# PROMPT:
Each entry below should be given again exactly; the pictures stay out.
RECORD EXCERPTS section start
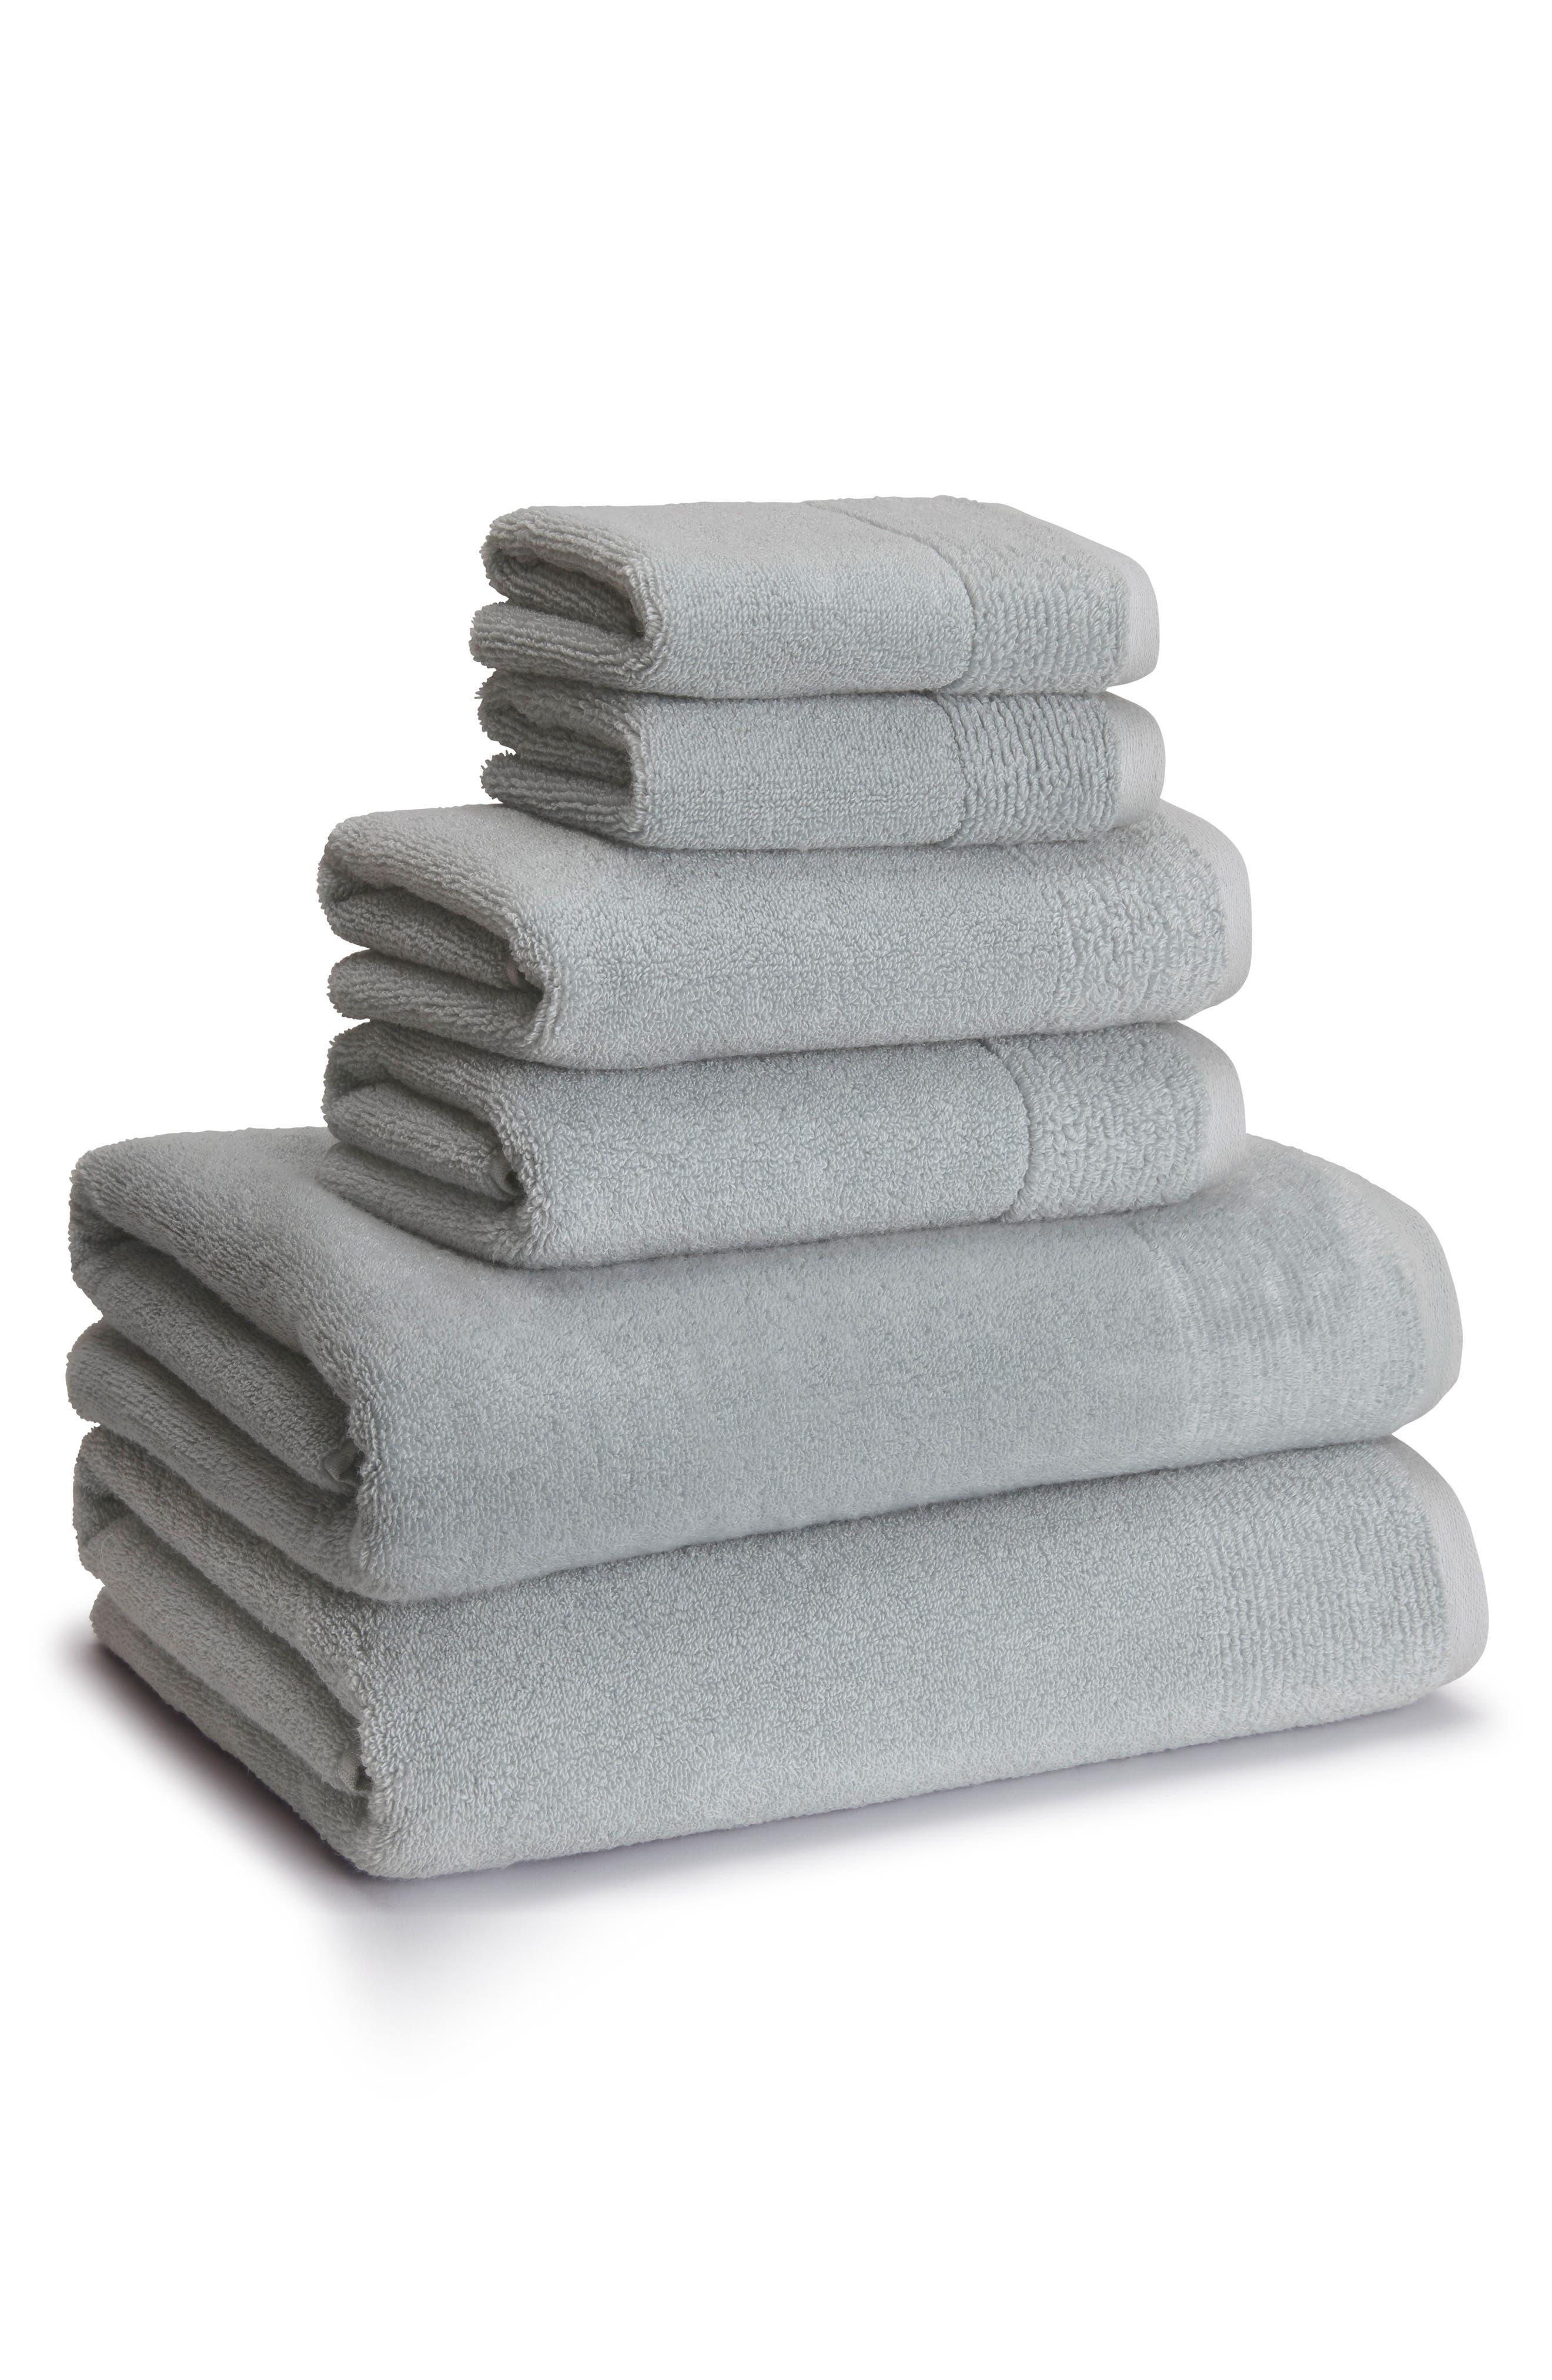 Alternate Image 1 Selected - KASSATEX Kyoto Hand Towel
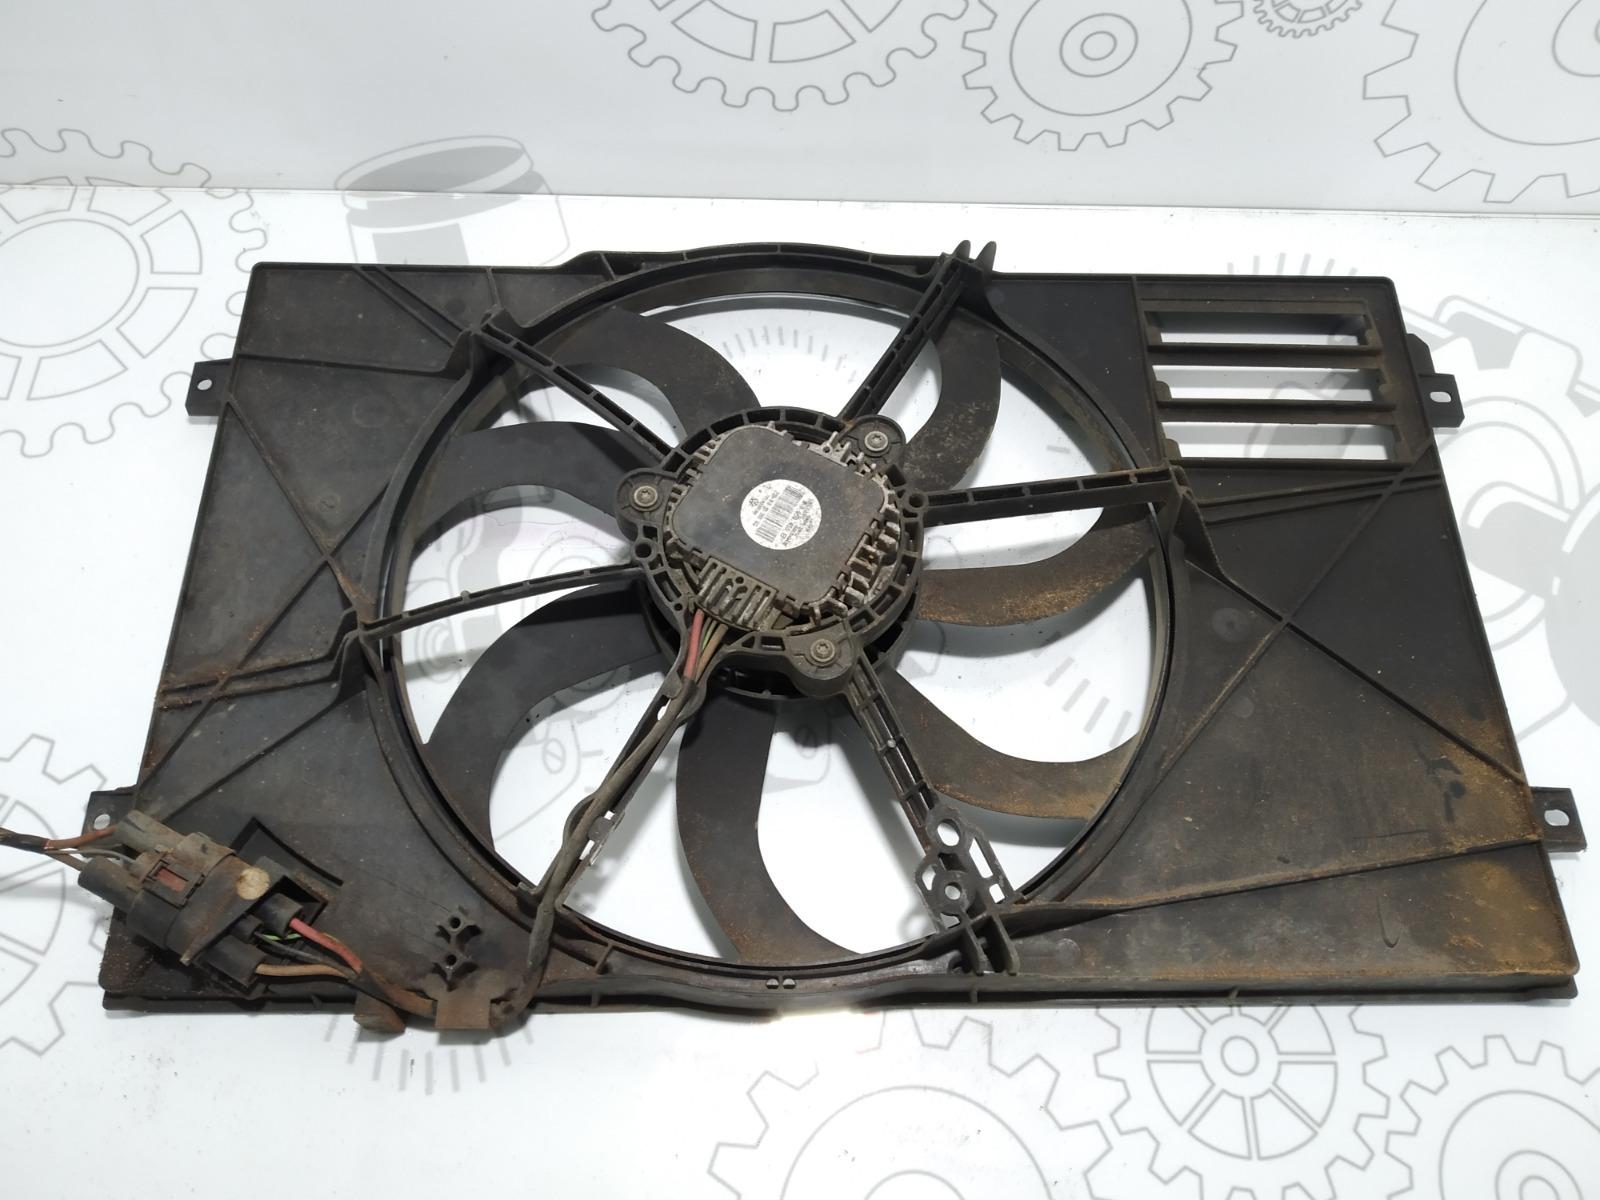 Вентилятор радиатора Seat Altea 1.9 TDI 2008 (б/у)
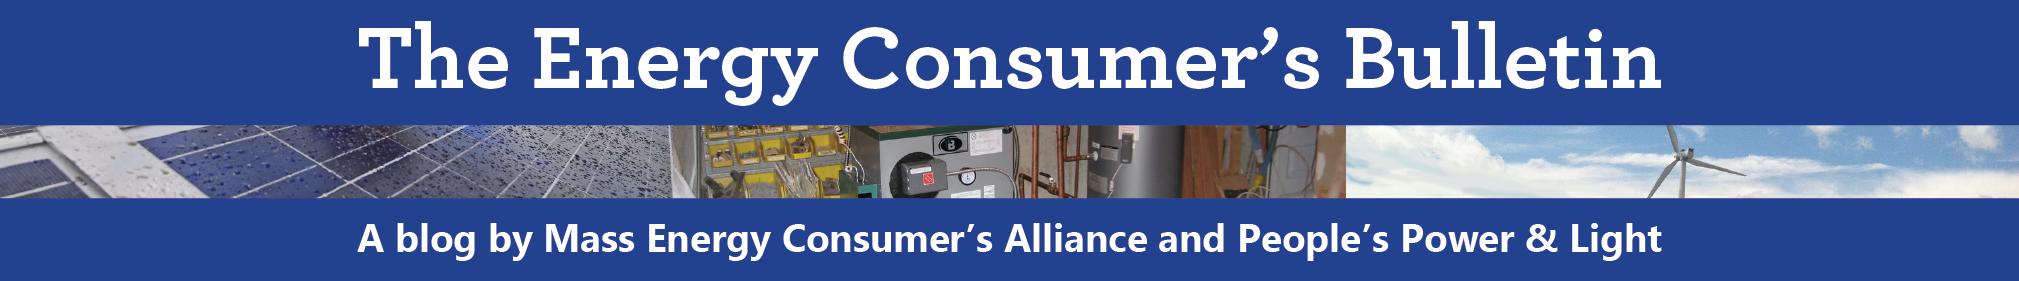 The Energy Consumer's Bulletin
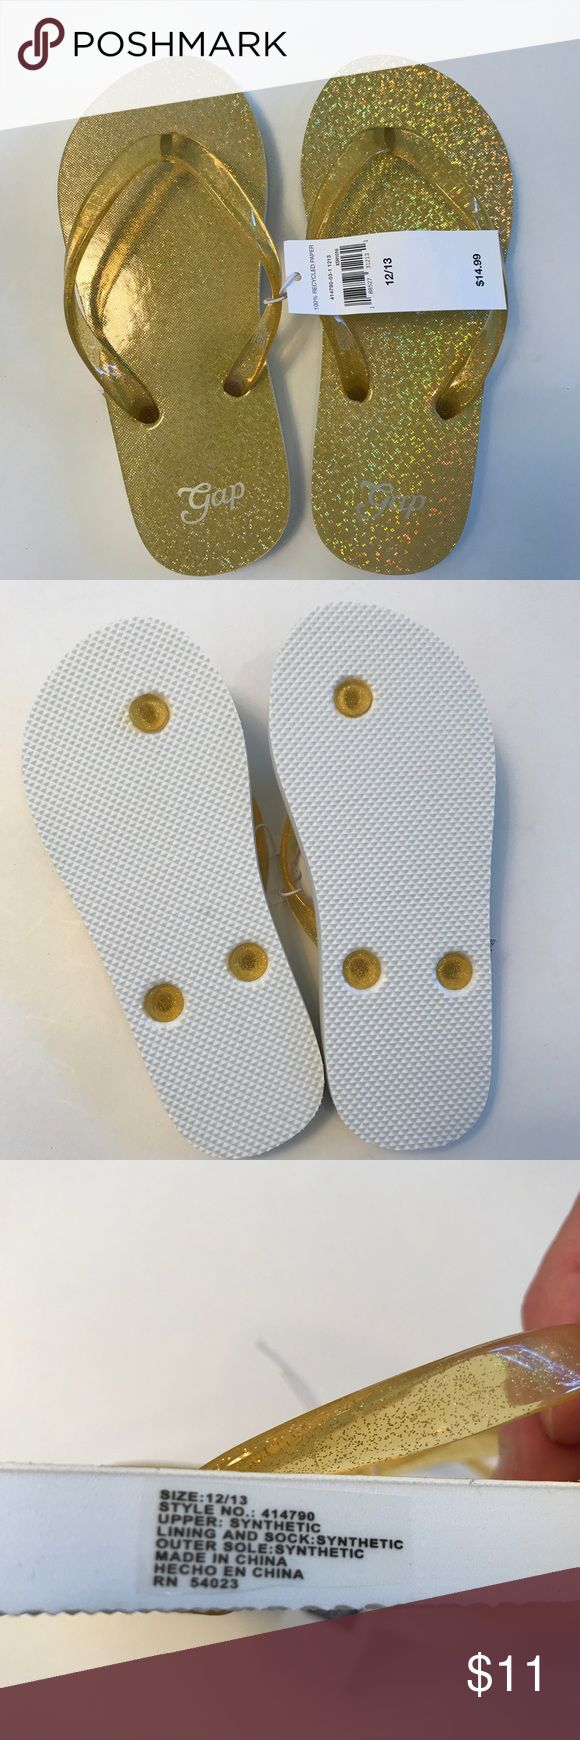 NWT Gap Gold/yellow flip-flops NWT Gap gold/yellow flip-flops. Size 12/13. Gap Shoes Sandals & Flip Flops
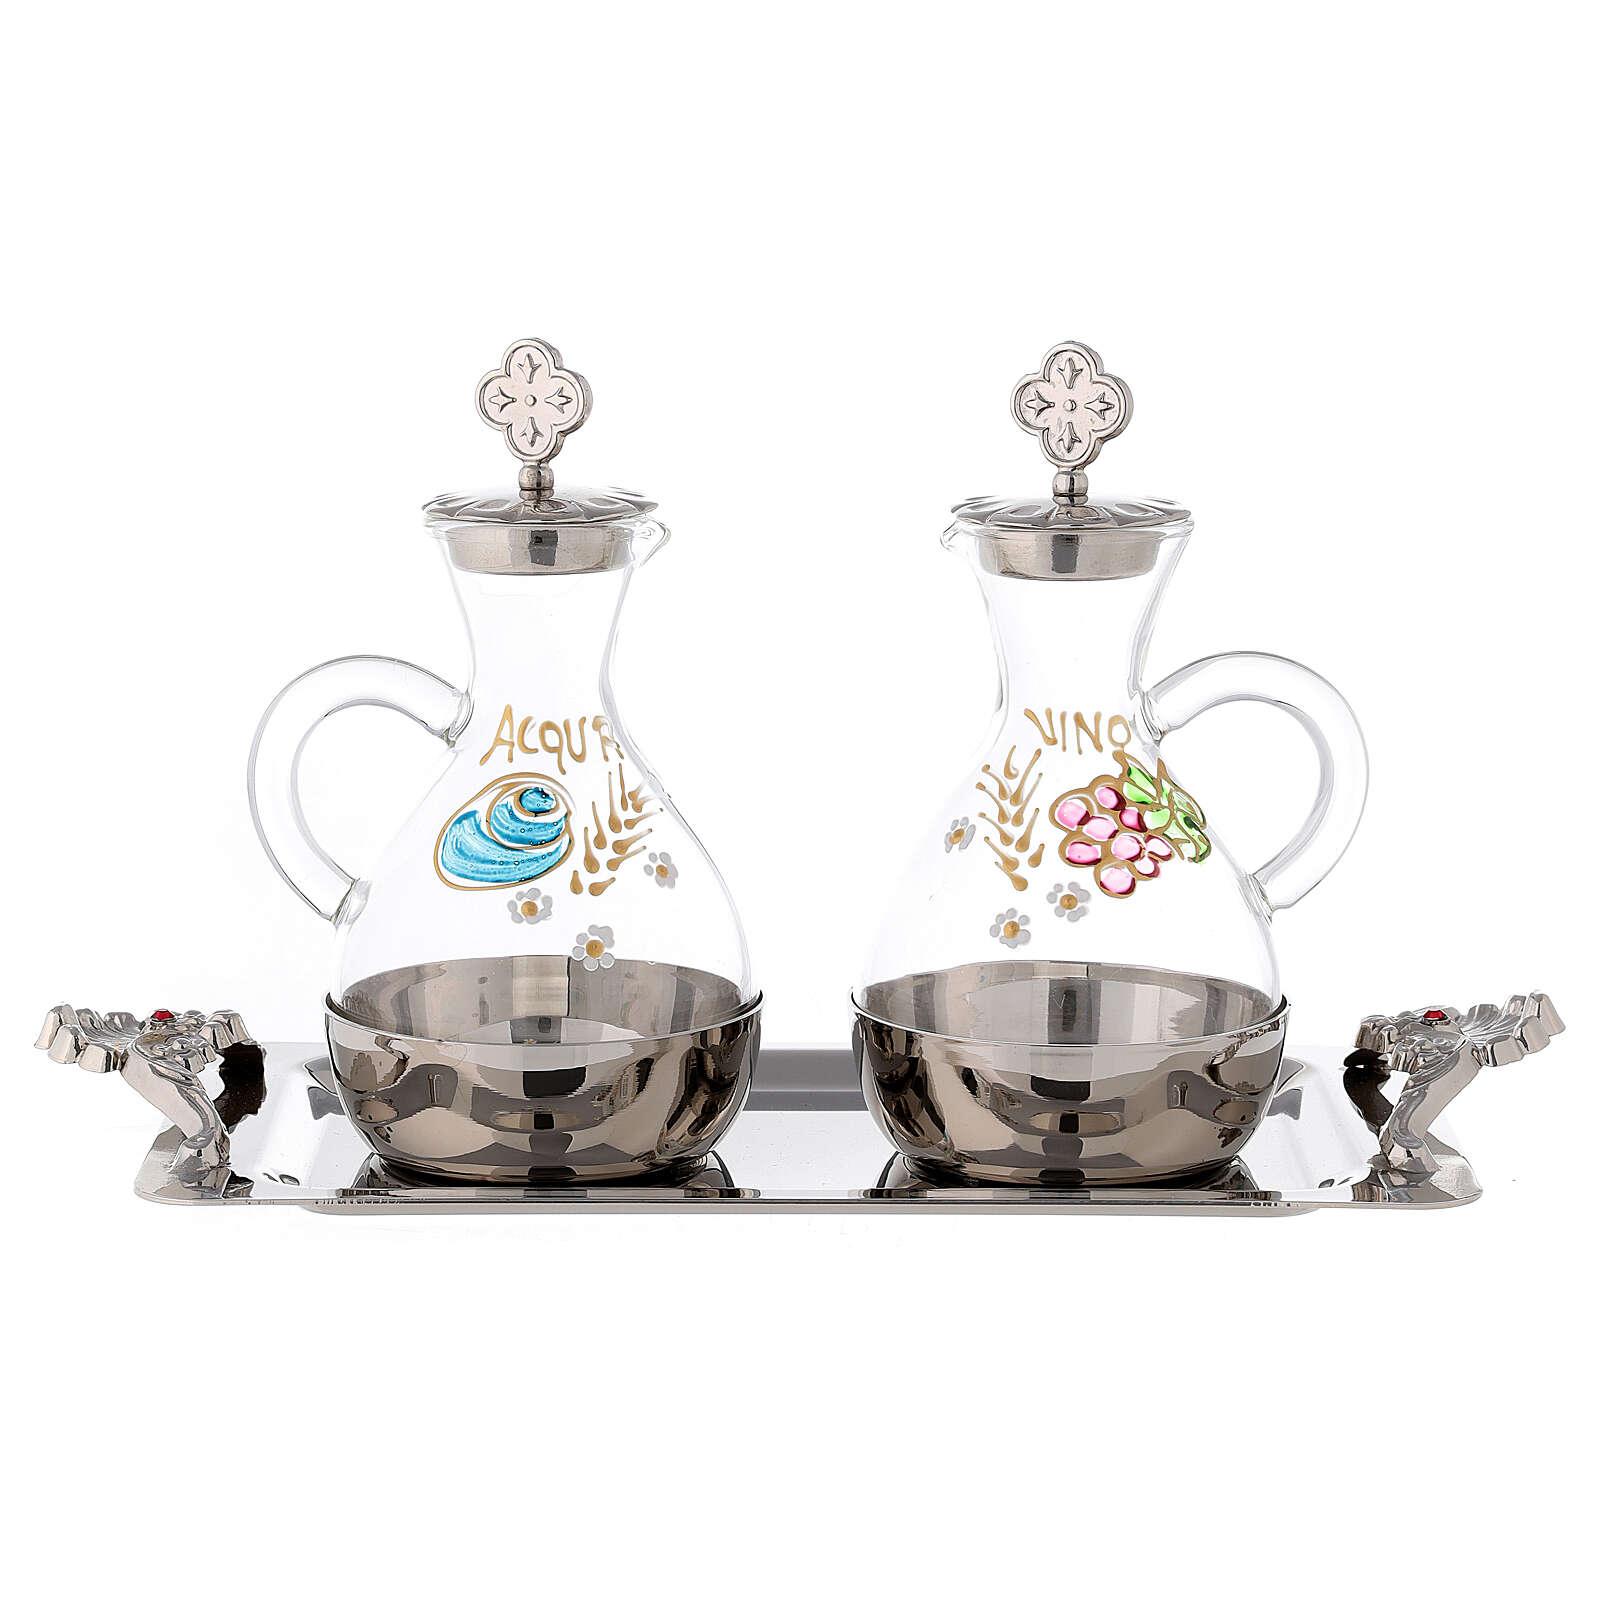 Palermo cruet set in silver-plated brass 140 ml 4
RECORD EXCERPTS section end
# RESPONSE TO THE TASK:
 Alternate Image 1 Selected - KASSATEX Kyoto Hand Towel
 Вентилятор радиатора Seat Altea 1.9 TDI 2008 (б/у)
 The Energy Consumer's Bulletin
 NWT Gap Gold/yellow flip-flops NWT Gap gold/yellow flip-flops. Size 12/13. Gap Shoes Sandals & Flip Flops
 Palermo cruet set in silver-plated brass 140 ml 4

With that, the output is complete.